How to use the command pdftotext (with examples)
The command pdftotext
is a tool that allows users to convert PDF files to plain text format. It is a command-line tool and provides various options for customization such as preserving the layout and extracting specific pages from a PDF.
Use case 1: Convert filename.pdf
to plain text and print it to stdout
Code:
pdftotext filename.pdf -
Motivation: This use case is useful when you want to view the contents of a PDF file directly in the command-line interface or redirect it to another command for further processing.
Explanation:
pdftotext
: The command-name to invoke the tool.filename.pdf
: The input PDF file to be converted.-
: The hyphen sign indicates the output will be printed to stdout (the command-line interface).
Example output:
This is an example text extracted from the PDF file.
Use case 2: Convert filename.pdf
to plain text and save it as filename.txt
Code:
pdftotext filename.pdf
Motivation: This use case is useful when you want to convert the contents of a PDF file to plain text and save it as a separate file.
Explanation:
pdftotext
: The command-name to invoke the tool.filename.pdf
: The input PDF file to be converted.
Example output:
This use case will create a new file named filename.txt
containing the plain text extracted from the PDF.
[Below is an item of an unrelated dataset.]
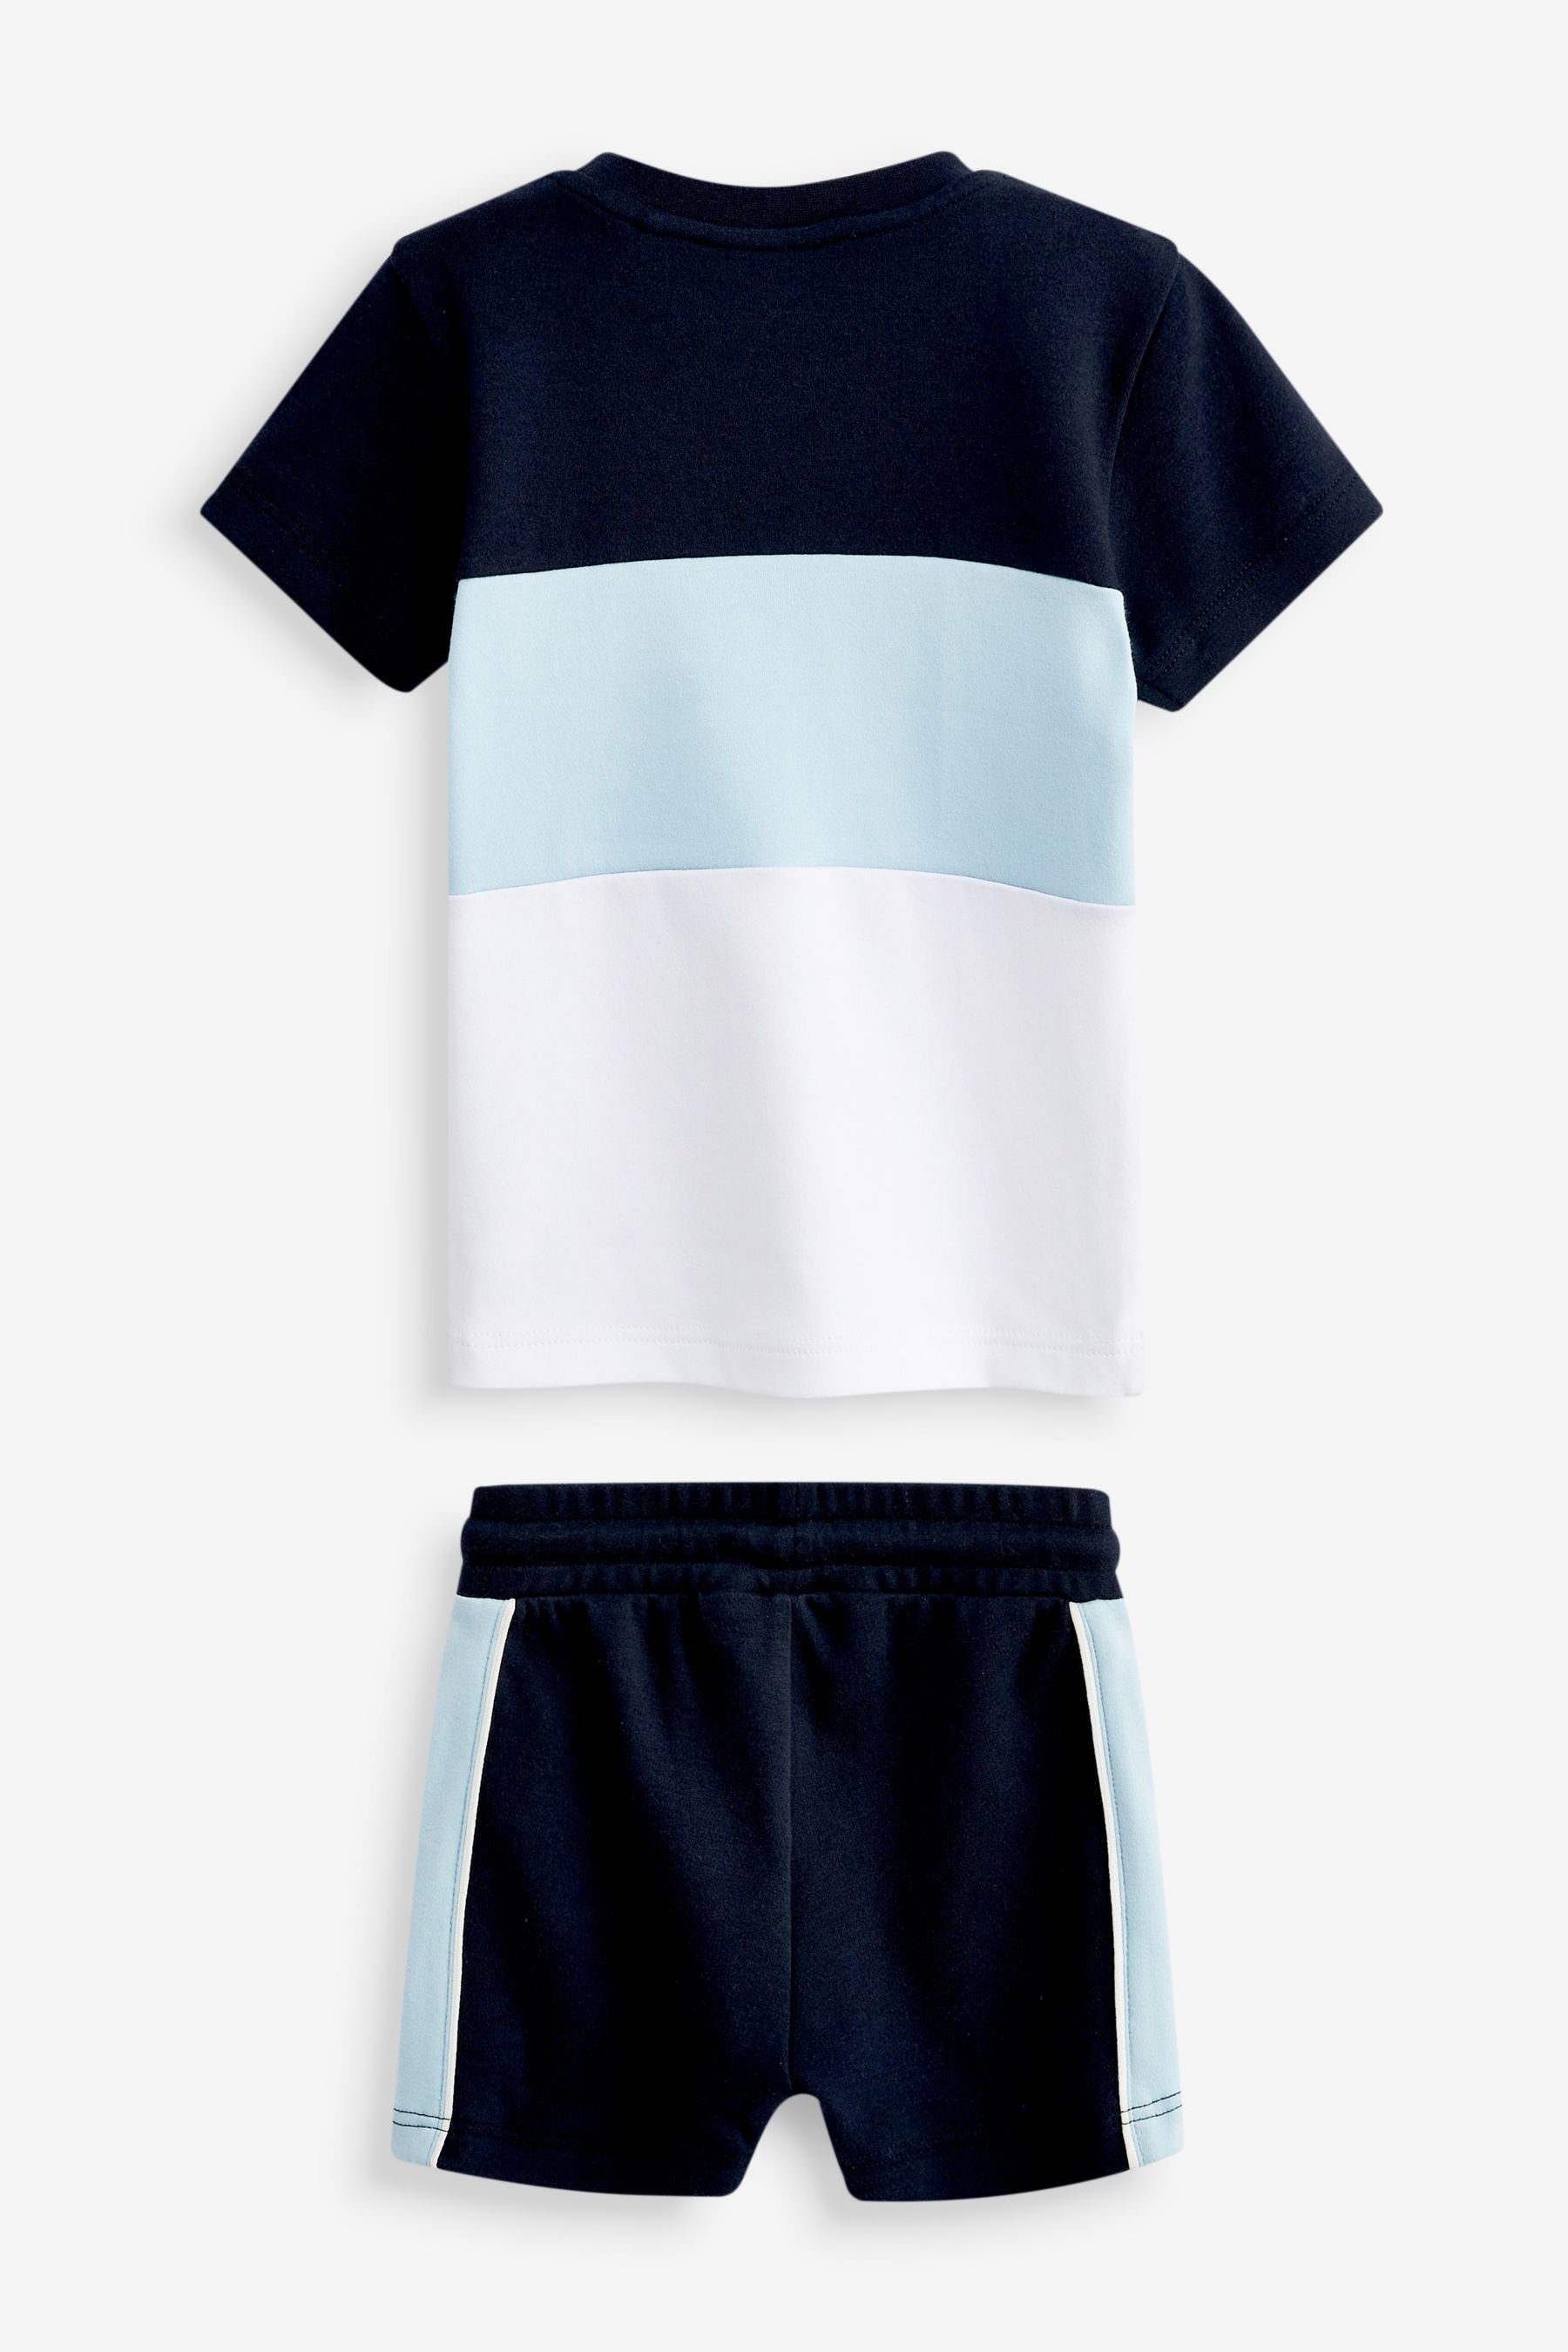 Hose Shorts und Blue & White im Kurzarm-T-Shirt and Blockfarben in (2-tlg) Shirt Set Next

Use case 3: Convert filename.pdf
to plain text and preserve the layout
Code:
pdftotext -layout filename.pdf
Motivation: This use case is useful when you want to convert a PDF file while maintaining its original layout, including tables, columns, and other structural elements.
Explanation:
pdftotext
: The command-name to invoke the tool.-layout
: An option flag that tells the command to preserve the layout of the PDF during conversion.filename.pdf
: The input PDF file to be converted.
Example output: The converted plain text will retain the original layout from the PDF, ensuring the structure and visual elements are maintained.
Use case 4: Convert input.pdf
to plain text and save it as output.txt
Code:
pdftotext input.pdf output.txt
Motivation: This use case is useful when you want to convert a specific PDF file to plain text format and save it with a custom output file name.
Explanation:
pdftotext
: The command-name to invoke the tool.input.pdf
: The input PDF file to be converted.output.txt
: The desired name of the output plain text file.
Example output:
The converted plain text will be saved as output.txt
, containing the extracted text from the PDF file.
Use case 5: Convert pages 2, 3 and 4 of input.pdf
to plain text and save them as output.txt
Code:
pdftotext -f 2 -l 4 input.pdf output.txt
Motivation: This use case is useful when you want to extract specific pages from a PDF and convert them to plain text format.
Explanation:
pdftotext
: The command-name to invoke the tool.-f 2
: An option flag specifying the starting page number to be converted (in this case, page 2).-l 4
: An option flag specifying the ending page number to be converted (in this case, page 4).input.pdf
: The input PDF file to be converted.output.txt
: The desired name of the output plain text file.
Example output:
The converted plain text will include the content of pages 2, 3, and 4 from the PDF file, saved as output.txt
.
Conclusion:
The pdftotext
command provides a convenient way to convert PDF files to plain text format with various customization options. Whether you need to view the contents of a PDF, extract specific pages, or preserve the original layout, this command offers flexibility for different use cases.